Gene Therapy in Opn1mw -/- /Opn1sw -/- Mice and Implications for Blue Cone Monochromacy Patients with Deletion Mutations.

Blue cone monochromacy (BCM) is a congenital vision disorder affecting both middle-wavelength (M) and long-wavelength (L) cone photoreceptors of the human retina. BCM results from abolished expression of green and red light-sensitive visual pigments expressed in M- and L-cones, respectively. Previously, we showed that gene augmentation therapy to deliver either human L- or M-opsin rescues dorsal M-opsin dominant cone photoreceptors structurally and functionally in treated M-opsin knockout ( Opn1mw -/- ) mice. Although Opn1mw -/- mice represent a disease model for BCM patients with deletion mutations, at the cellular level, dorsal cones of Opn1mw -/- mice still express low levels of S-opsin, which are different from L- and M-cones of BCM patients carrying a congenital opsin deletion.
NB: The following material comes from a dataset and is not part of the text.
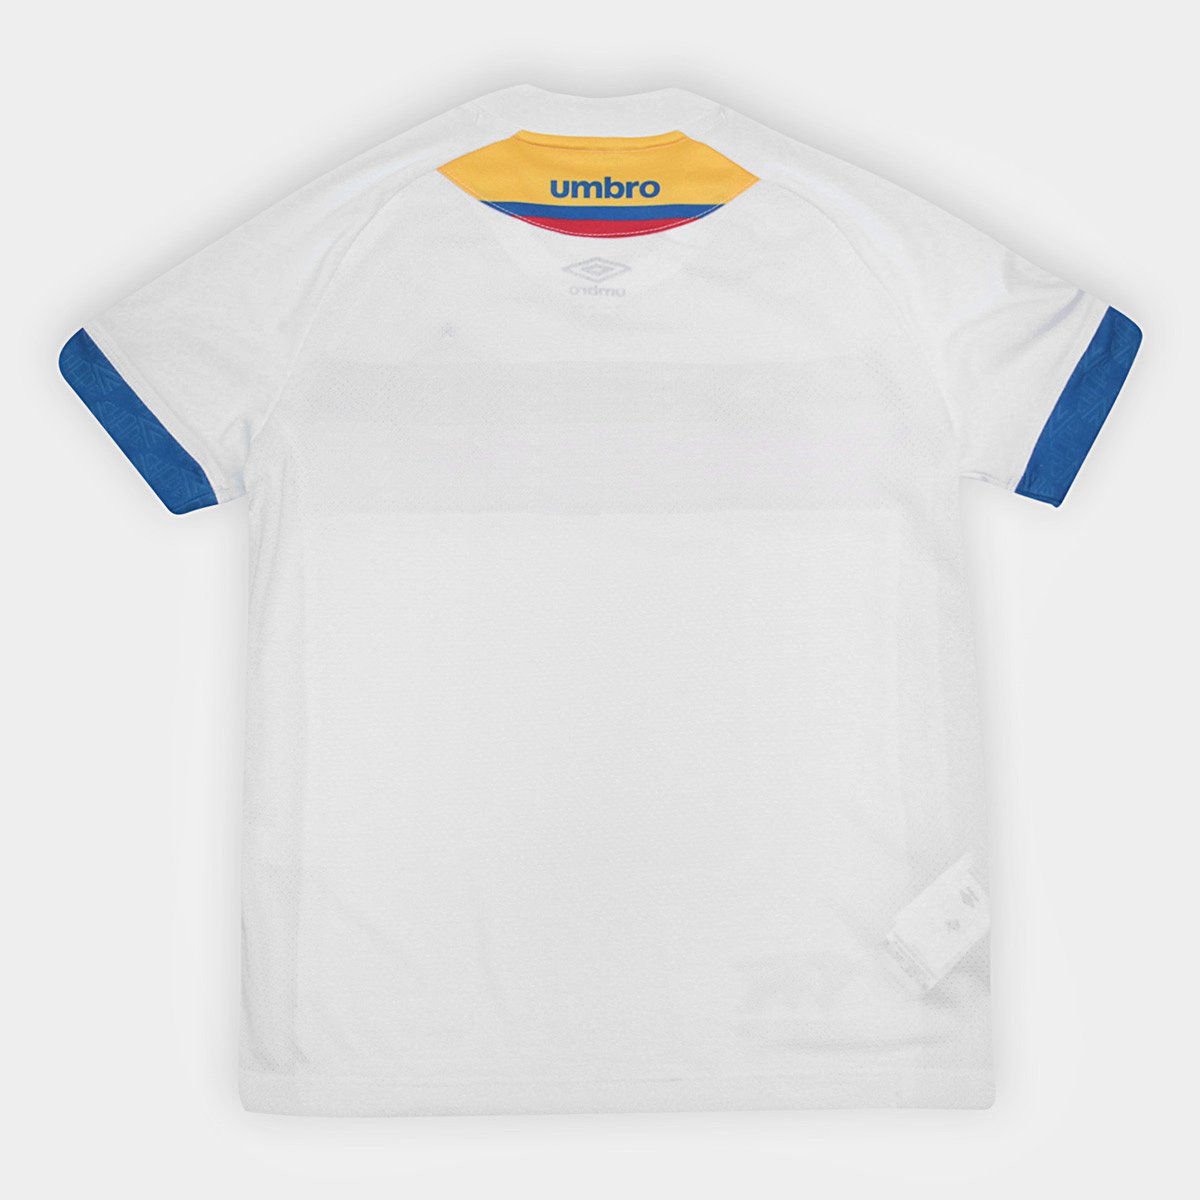 e Azul Chapecoense Branco La Infantil II 2018 Umbro s Camisa Pasion Torcedor n° Fdn7xPUn4w

To determine whether BCM cones lacking complete opsin expression from birth would benefit from AAV-mediated gene therapy, we evaluated the outcome of gene therapy, and determined the therapeutic window and longevity of rescue in a mouse model lacking both M- and S-opsin ( Opn1mw -/- /Opn1sw -/- ). Our data show that cones of Opn1mw -/- /Opn1sw -/- mice are viable at younger ages but undergo rapid degeneration. AAV-mediated expression of human L-opsin promoted cone outer segment regeneration and rescued cone-mediated function when mice were injected subretinally at 2 months of age or younger. Cone-mediated function and visually guided behavior were maintained for at least 8 months post-treatment. However, when mice were treated at 5 and 7 months of age, the chance and effectiveness of rescue was significantly reduced, although cones were still present in the retina. Crossing Opn1mw -/- /Opn1sw -/- mice with proteasomal activity reporter mice (Ub G76V -GFP) did not reveal GFP accumulation in Opn1mw -/- /Opn1sw -/- cones eliminating impaired degradation of ubiquitinated proteins as stress factor contributing to cone loss. Our results demonstrate that AAV-mediated gene augmentation therapy can rescue cone structure and function in a mouse model with a congenital opsin deletion, but also emphasize the importance that early intervention is crucial for successful therapy.